Russia cuts gas supplies to Europe after prison bombing – News

Russia once again reduced its gas deliveries to the West this Saturday (30), suspending the supply to Latvia, one day after the deadly bombing of a prison where Ukrainians were being held.

“Today, Gazprom suspended gas deliveries to Latvia due to violation of gas supply conditions,” the Russian giant said in a statement on Telegram.

This announcement comes after Gazprom drastically reduced its deliveries to Europe this week via the Nord Stream pipeline, citing the need for maintenance on a turbine.

Russia had already halved its delivery volume in June, saying the pipeline could not operate normally without a turbine that is being repaired in Canada and has not yet been returned to Russia due to Western sanctions.

Since then, Germany and Canada have agreed to send the equipment back to Russia, but the turbine has yet to be delivered. Meanwhile, attacks continue in eastern and southern Ukraine, and Ukrainian President Volodymyr Zelensky on Friday night called the bombing of a prison that killed “more than 50 people” a “deliberate Russian war crime.” “.

Moscow accused Ukrainian forces of being responsible for the attack on Olenivka prison, where Ukrainian prisoners of war were held, in separatist territory in eastern Ukraine.
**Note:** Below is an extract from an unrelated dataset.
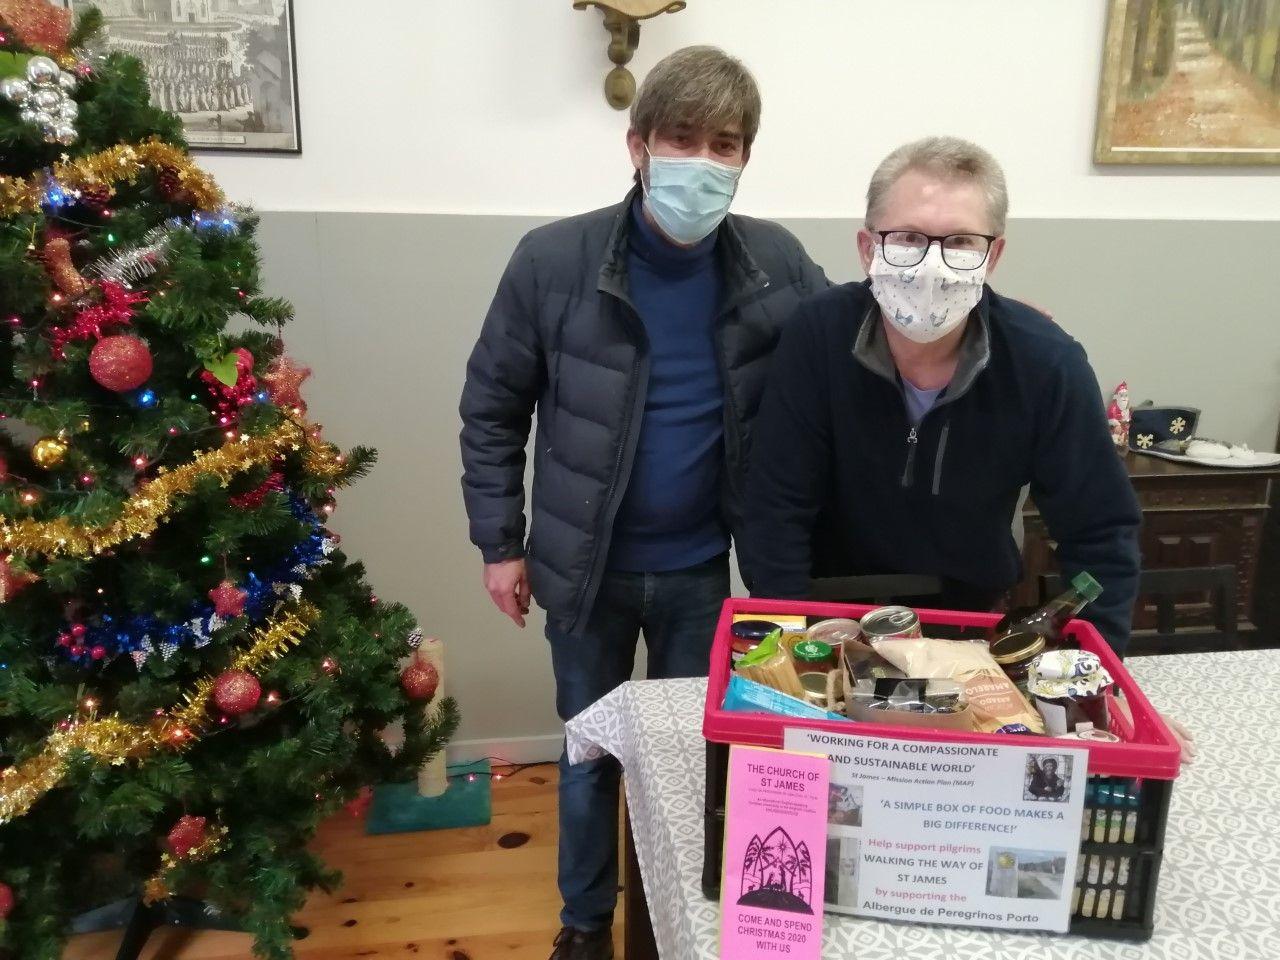 St James' continued support of the Albergue de Peregrinos do Porto with Christmas goods.

The Russian army reported 40 dead and 75 wounded, with pro-Russian separatist authorities in the Donetsk region citing up to 53 dead.

Russia’s Investigative Committee accused Ukrainian forces of having “fired on the prison where members of the Azov battalion are being held, using American shells from the Himars system”.

The Azov regiment excelled in the defense of Mariupol (southeast). After long weeks of siege and resistance at the Azovstal steelworks, some 2,500 Ukrainian fighters surrendered to the Russian army in May. Moscow made it known that they would be arrested in Olenivka.

But Ukraine has denied targeting civilian infrastructure or prisoners of war. The Ukrainian General Staff accused Russia of trying to “accuse Ukraine of having committed war crimes” and of “camouflaging the torture of prisoners and the executions” that were “perpetrated” there.

According to Ukrainian intelligence, the attack “was carried out by mercenaries from the Wagner Division” and “was not coordinated with the leadership” of the Russian Defense Ministry.

For its part, the European Union condemned “in the strongest terms the atrocities committed by the Russian armed forces and their supporters”, in a press release from its head of diplomacy aimed at the bombing of the prison and the torture allegations.

“These inhuman and barbaric acts constitute serious violations of the Geneva Conventions and their additional protocol and amount to war crimes,” added Josep Borrell.

In the field of military operations, Ukrainian authorities announced this Saturday that Russian bombings hit several locations in the south and east of the country, killing at least one person in Mykolaiv (south).

In Kharkiv (east), Ukraine’s second largest city, three S-300 missiles fell on a school that caught fire, announced the city’s mayor, Igor Terekhov.

The main building was destroyed, according to the mayor.

In the Donetsk region, the epicenter of the Russian offensive in the east, the bus station and neighboring buildings were damaged in an attack in Sloviansk, according to regional governor Pavlo Kyrylenko.

Regarding grain blocked in Ukraine since the beginning of the war, exports could resume “in the next few days”, according to Kiev.

President Zelensky visited the Black Sea port of Chornomorsk on Friday to oversee a first shipment of grain to a Turkish ship, under the terms of the agreement reached on July 22 with Russia.

According to Ukraine’s Ministry of Infrastructure, 17 ships have already been loaded with grain in Chornomorsk and Odessa, and ten are ready to depart.

Ukraine, like Russia, is among the world’s largest grain exporters. Kiev expects to sell around 20 million tonnes for around $10 billion as part of this deal.